— Вот я тебе! — Казимирас погрозил кулаком охотнику и бегом скрылся в одной из дверей выходящих на платформу.
«За специями пошёл», — решил такс, мысленно прикидывая, где же может быть спрятано мясо. Не считать же таковым безродную дворнягу, что, выпучив в ужасе глаза, безуспешно рвётся со своей цепи?
Кажется, Ионаускас не смог отыскать перец и лаврушку, и потому через пару минут выскочил с двустволкой в руках.
В это же самое время в одном из вагонов мирно продолжалась затянувшаяся с вечера пирушка. Господа офицеры изволили устроить небольшой проворот. Всё в рамках приличий. Никаких баб-с, по причине полного отсутствия оных в поезде.
Полковник Дёмин поставил пустой стакан на столик, погладил объёмистый живот, и тяжело вздохнул:
— Эх, господа, научишься в скитаниях по заграницам употреблять всякую гадость. Разве это коньяк? Вы помните, какой он должен быть настоящий?
— Шустовский?
— Ну, вспомнили. Хотя бы армянский, каким нас Юденич в Эривани на Рождество угощал. Запамятовал, в каком это году?
— Это когда Вы, Николай Константинович, козла шашкой рубили?
— Перерубил же? А не Вы ли, Дмитрий Иванович, изволили на него турецкую феску одеть?
Скуластый казачий офицер-забайкалец улыбнулся, вспоминая весёлые фронтовые времена.
— Вы же сами, господин полковник, убеждали меня, что Энвер-паша — рогатое животное с неприятным запахом. Сиречь — козёл.
— Я же не совсем это имел ввиду, — Дёмин взглядом измерил остаток коньяка в бутылке. — Впрочем, ежели мы бы тогда пили Шустовский….

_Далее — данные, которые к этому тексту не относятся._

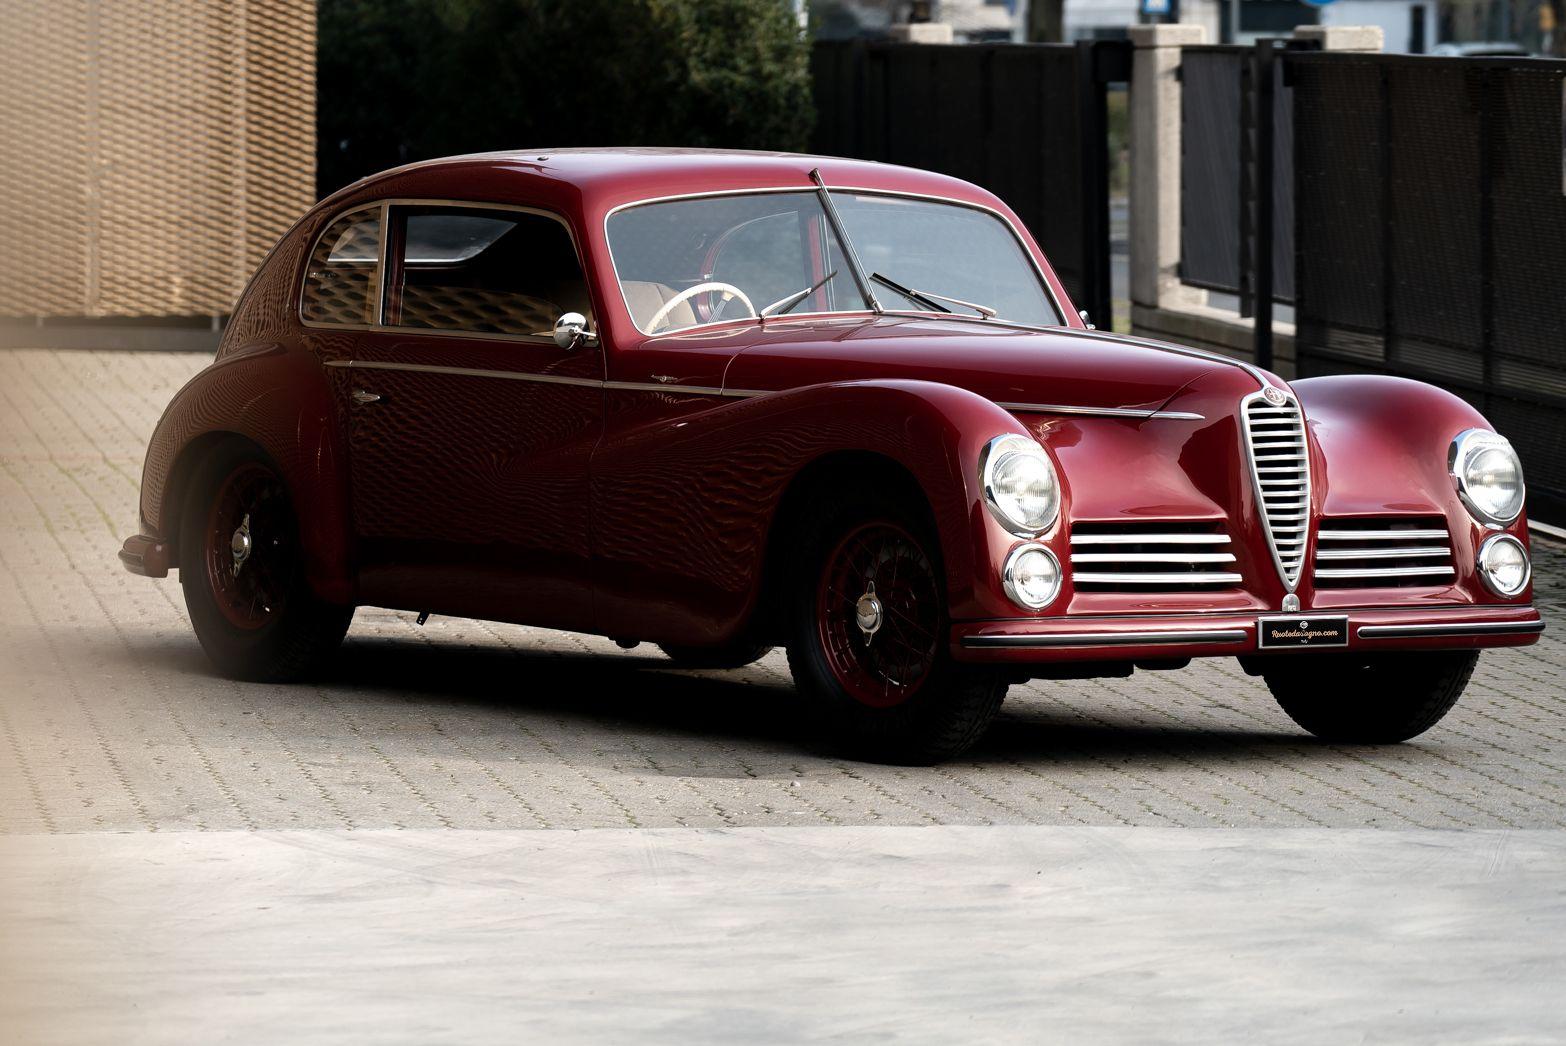 1947 Alfa Romeo Freccia d'oro 6C 2500 Sport 61678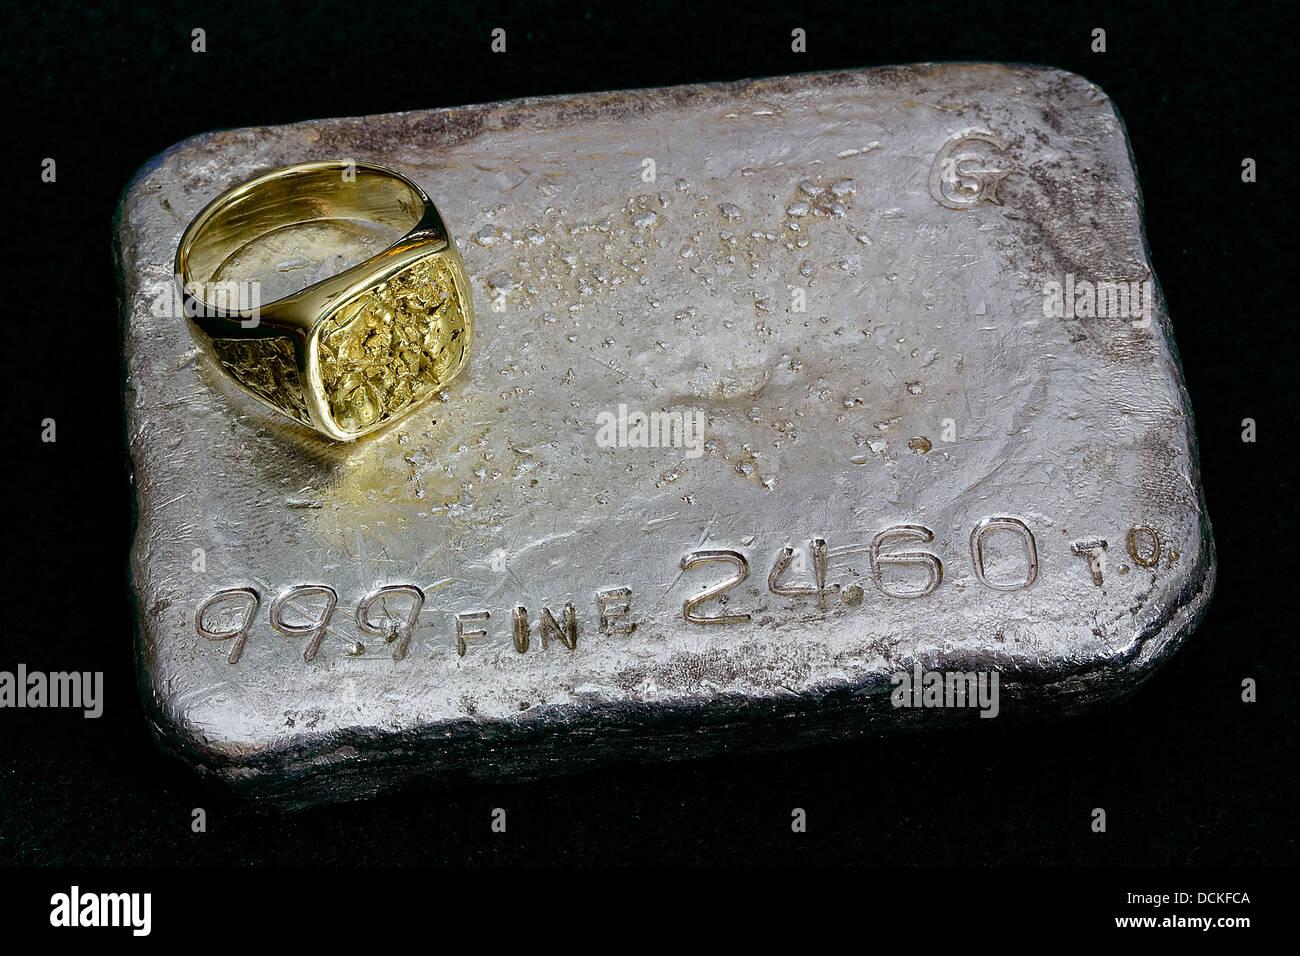 Großen Gold-Nugget-Ring und 24.60 Troy Unze Goldbarren Silberbarren (gegossene Barren) Stockbild

— Поверите, в жизни его не пробовал. Только издали видел, — смущённо признался есаул Хванской.
— Думаете я его вёдрами хлестал? Единый раз только, обмывая первые офицерские погоны. Да и то зря. Разве можно запомнить и прочувствовать вкус, если перед тем пили шампанское, водку, и ярославскую мадеру?
— Сочувствую. А не знаете, что сейчас в Литве пьют? Грех ведь большой — проехать всю страну, и не приобщиться к местной культуре.
— За чем же дело стало, Дмитрий Иванович? Давеча мимо окошка абориген промелькнул. Если желаете, окликните его и пошлите в буфет.
Хванской надел выгоревшую фуражку с жёлтым околышем и достал из кармана бумажник.
— Только у меня местной валюты нет.
— И не нужно. Это же Европа. За франк Вас обцелуют с ног до головы, а за два франка на руках до нужного места донесут.
— Да Вы националист, Николай Константинович.
— Я? Ну уж нет, увольте, — не согласился Дёмин. — Просто не люблю инородцев.
— А как же…? — Есаул покосился на уснувшего уже князя Башарова.
— Алишер? Помилуй Бог, Дмитрий Иванович, причём тут татары? Я же Вам про нерусских говорю.